Share your dilemmas and get honest opinions from other Mumsnetters.

To not want the faff of changing my surname if we get married this year...

160 replies

SweetMarmalade · 12/01/2020 21:24

Dp & I have been together for almost 25 years, have a dc.

Possibly going to tie the knot this year, no big event, we’ve decided we really should just go ahead and do it. Won’t change who we are, our relationship but it will make us both feel secure for the future.

My biggest issue is changing my name! I’m late 40’s, at this time in my life the thought of changing my name seems like a big pita! Bank, passport, GP, hospital, driving license etc etc

Dp would like me to change my name, I’d like to keep it! We’ve talked about if I possibly‘double-barrel’ it but it’s still a faff! I love my surname, it means a lot to me and my heritage.

I love him, want to marry him, aibu not wanting to change my name?

OP posts:
Petrichor11 · 12/01/2020 21:41

Your name, your choice.

I would probably use Ms MaidenName but it’s up to you. I also probably wouldn’t bother getting existing places to change my title specially but would just use ms on new stuff or if I happened to be calling places anyway ask them to update it,

smemorata · 12/01/2020 21:41

My kids think it's normal for Mums to have different surnames
I live in Italy and you can't change your name so it absolutely is!

SunshineCake · 12/01/2020 21:42

YANBU but it really isn't that difficult to change your name.

Hotcuppatea · 12/01/2020 21:42

I didn't change my name and I'm Ms Surname. There's nothing complicated about it.

rempy · 12/01/2020 21:43

Don’t change it and then elderly relatives can’t piss you off writing Mrs DP initial Married Surname on mail....

Like mine do...... Ugh.

FaFoutis · 12/01/2020 21:43

Dh & I both changed our name when we married. We just picked one we liked. I've been happy with that but I'm told that dh's grandfather is 'spinning in his grave'.

I'd rather be a miss than a mrs. Miss seems independent to me, not a sad spinster.

IM0GEN · 12/01/2020 21:45

Funny how your Dp is keen for you both to have the same surname but not keen enough to change his own .

FramingDevice · 12/01/2020 21:46

@SweetMarmalade, why are you buying into patriarchal norms that suggest that marriage is the pinnacle of woman’s existence? I was with my DP for more than 20 years, and I can honestly say it never occurred to either of us for a single second that I would do anything as anti feminist and ridiculous as change my name, or that our DS would not have both names as a matter of course. I was Dr Framing Device before we married and Dr Framing Device afterwards.

SunshineCake · 12/01/2020 21:48

"Just be aware that Mrs. Is short for mistress!"

How ridiculous to say this and in the Uk there is no full stop after Mrs usually/needed.

Riv · 12/01/2020 21:49

FWIW I kept my own name but my children have his name. This was after healthy discussion. What finally swung it for me was several research articles that seemed to suggest that children do slightly better in school if their surname Is closer to the beginning of the alphabet. His surname begins with a letter far closer to A than mine 🙄

Awrite · 12/01/2020 21:49

I didn't change mine. I haven't ever regretted it.

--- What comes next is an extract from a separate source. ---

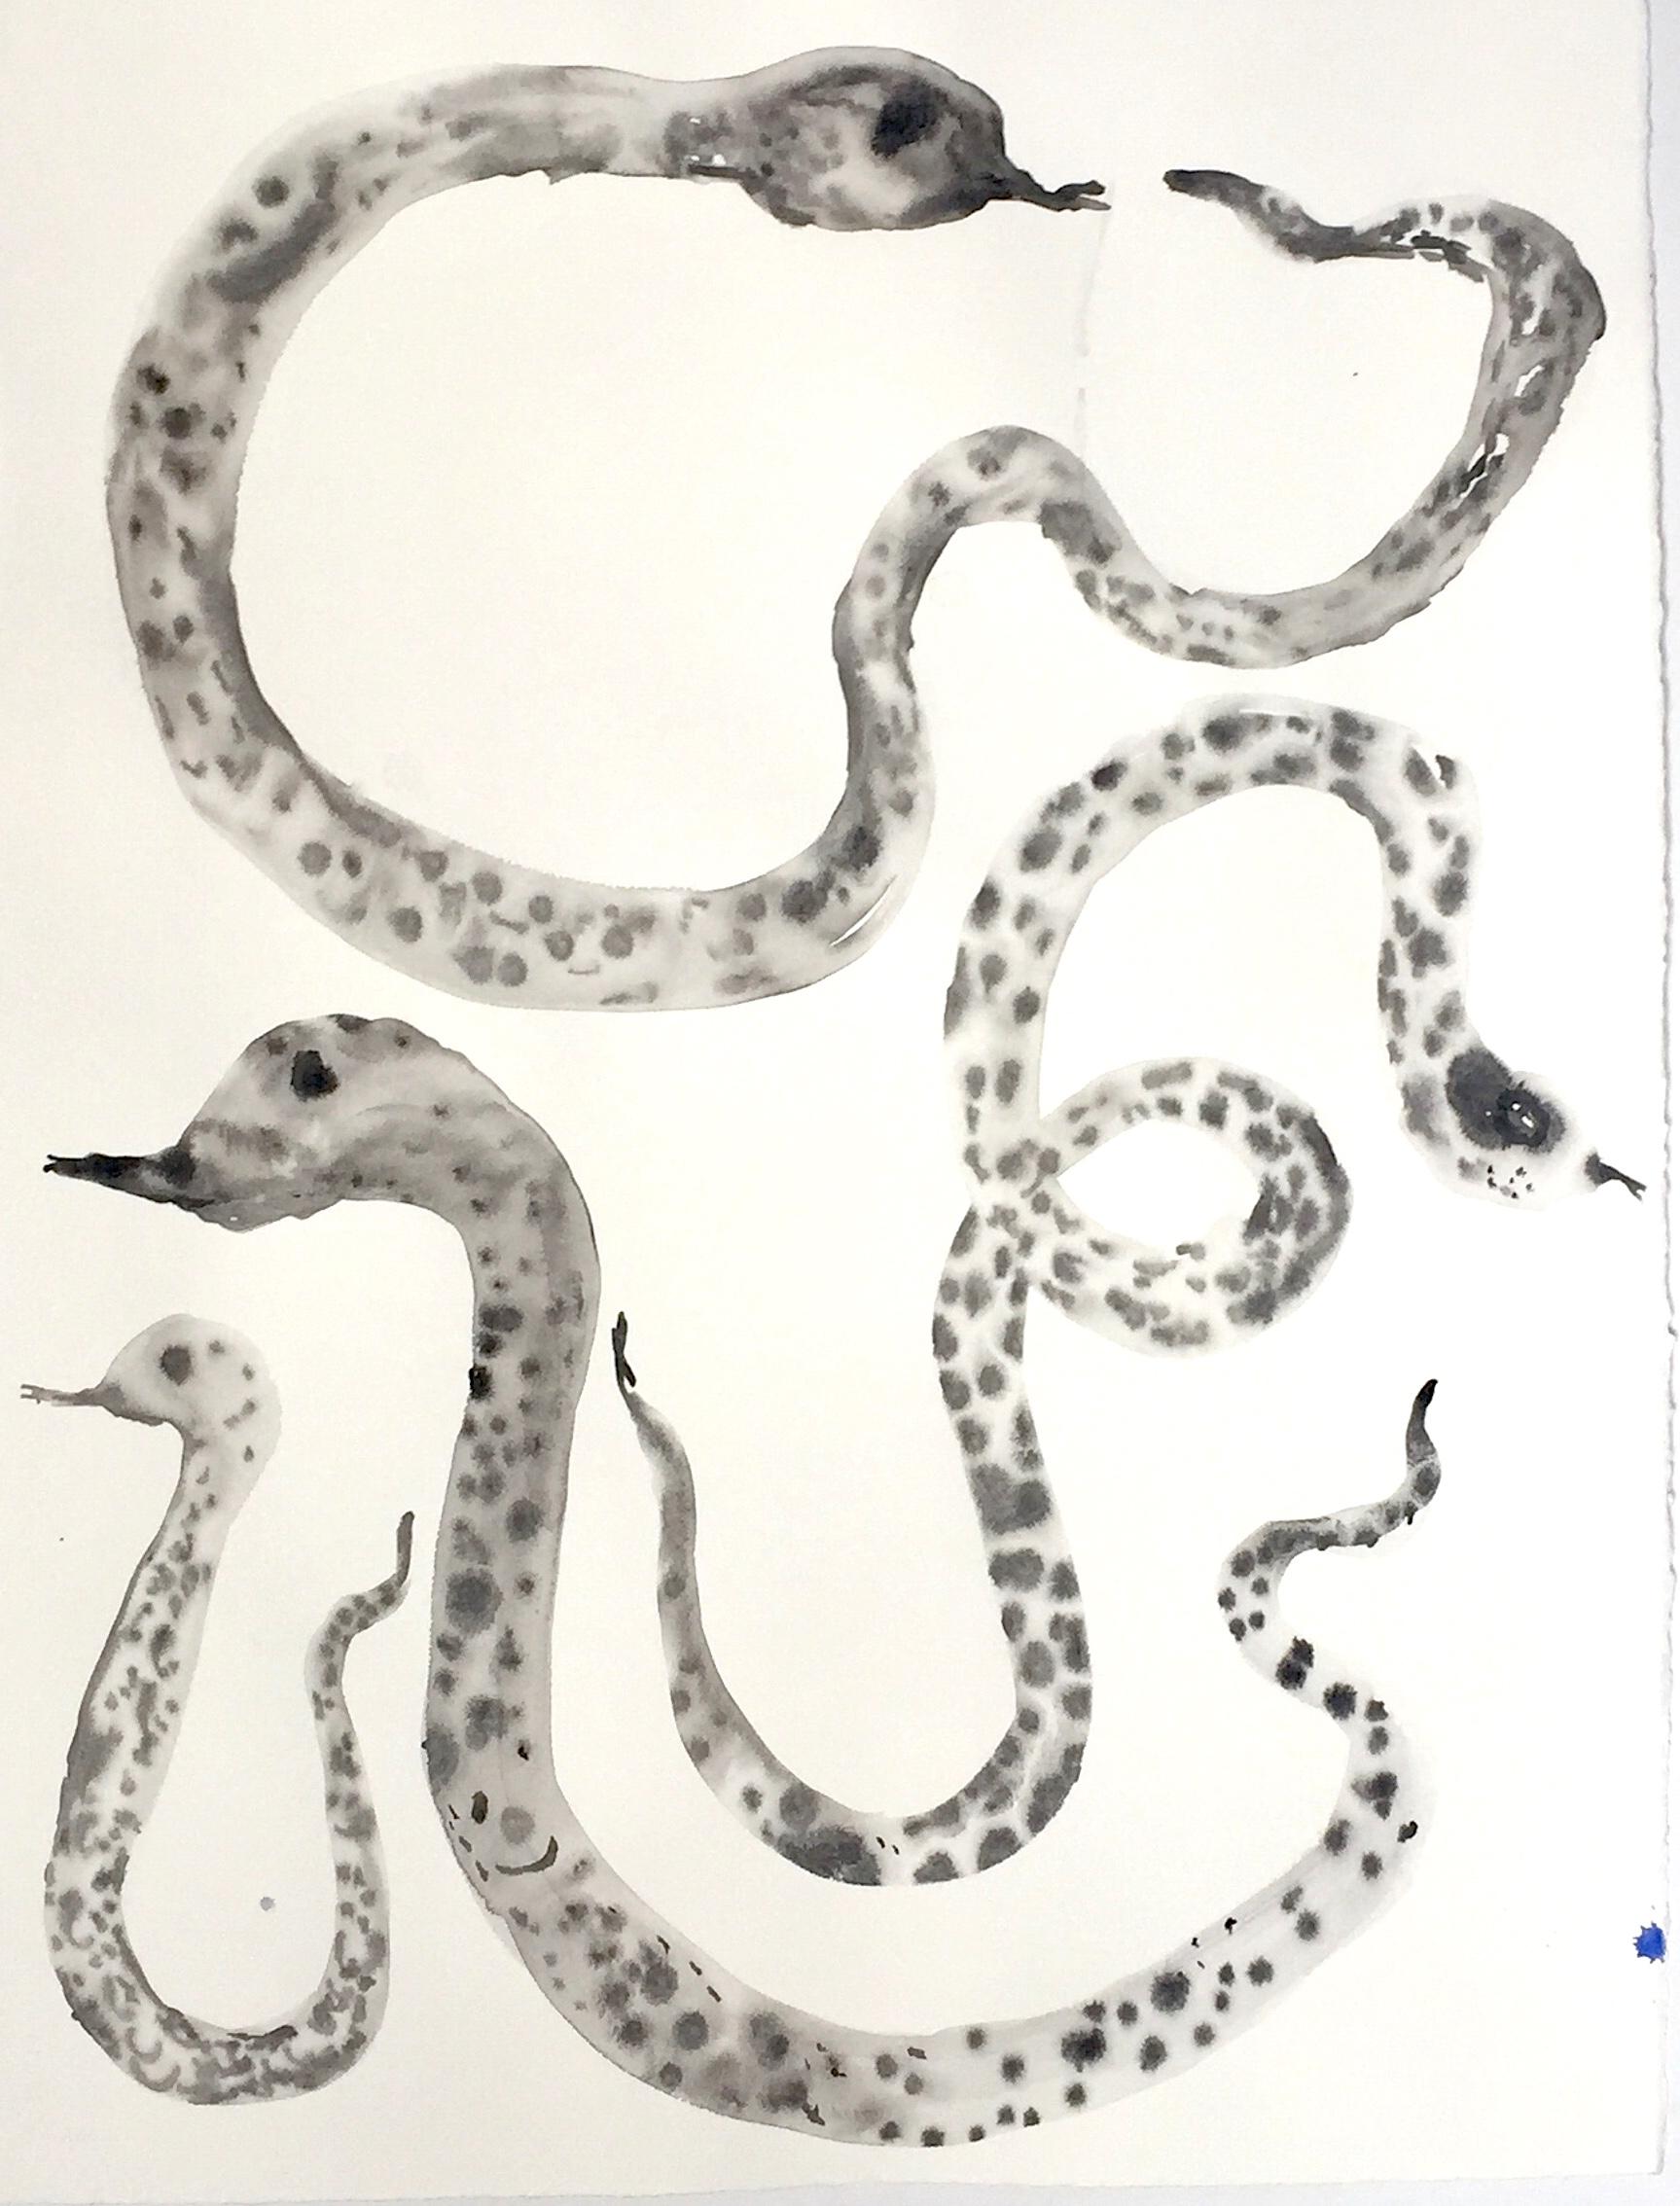 Nina Bovasso Figurative Painting - Black and White Snakes ink on Watercolor Paper

Have met plenty of women who changed their name reluctantly, some who have regretted changing their name but none who regretted keeping their own name.

My dd has my name.

Ps, I wouldn't have married a man who insisted I change my name.

Squarepegina · 12/01/2020 21:49

Do NOT change your name if you don’t want to. I’m a product of a generation who almost all automatically took their husbands surname. It’s been a bone of contention all my married life. This year I set up my own business and discovered if I wanted to use my maiden name for anything I had to change by deed poll. Worst decision was just not thinking about it. You are, and my strong advice is do not give up your own name.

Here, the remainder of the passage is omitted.